Monday, June 13, 2011

12 or 20 questions (second series) with j/j hastain;

j/j hastain lives in Colorado, USA with hir beloved. j/j is the author of numerous full-length, cross-genre works such as: asymptotic lover // thermodynamic vents (BlazeVox Books), our bodies as beauty inducers (Rebel Satori Press), we in my Trans (JMS Books LLC), autobiography of my gender (Moria), ulterior eden (Otoliths), prurient anarchic omnibus (Spuyten Duyvil) as well as many chapbooks and artist’s books.

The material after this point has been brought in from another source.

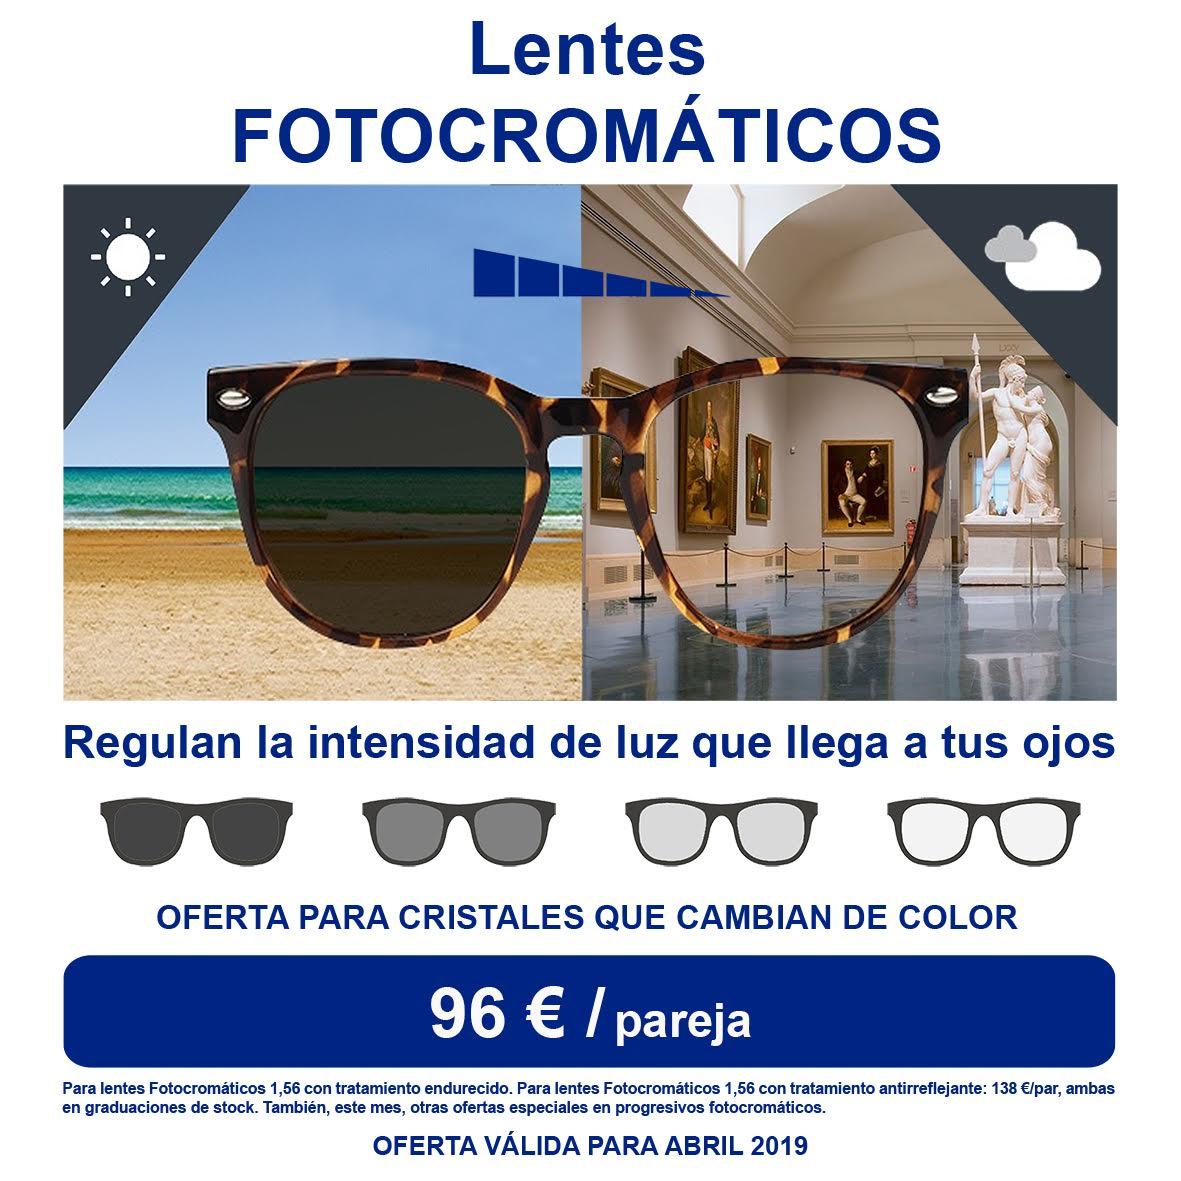 428d9a81f5 No te preocupes, en #Ópticas Rouzaut tenemos solución: #lentes  fotocromáticos que regulan intensidad de luz que llega a tus  #ojos.pic.twitter.com/9SGpZrkot1

A new chapbook collaboration with poet-artist Marthe Reed, is forthcoming from Dusie. j/j’s writing has appeared in numerous journals including: Trickhouse, Vlak, Unlikely Stories, The Offending Adam, Eccolinguistics, and Kelsey. j/j is an elective affinities participant, a member of Dusie kollektiv and a regular contributor to Sous Les Paves. j/j’s manuscript Let was a finalist in the 2010 Kelsey Street and Ahsahta book competitions. In 2011 j/j’s book we in my Trans was nominated for the Stonewall Book Award. j/j’s work has been nominated for a Pushcart Prize. In the near future j/j has full-length, cross-genre collections coming out with various exciting presses.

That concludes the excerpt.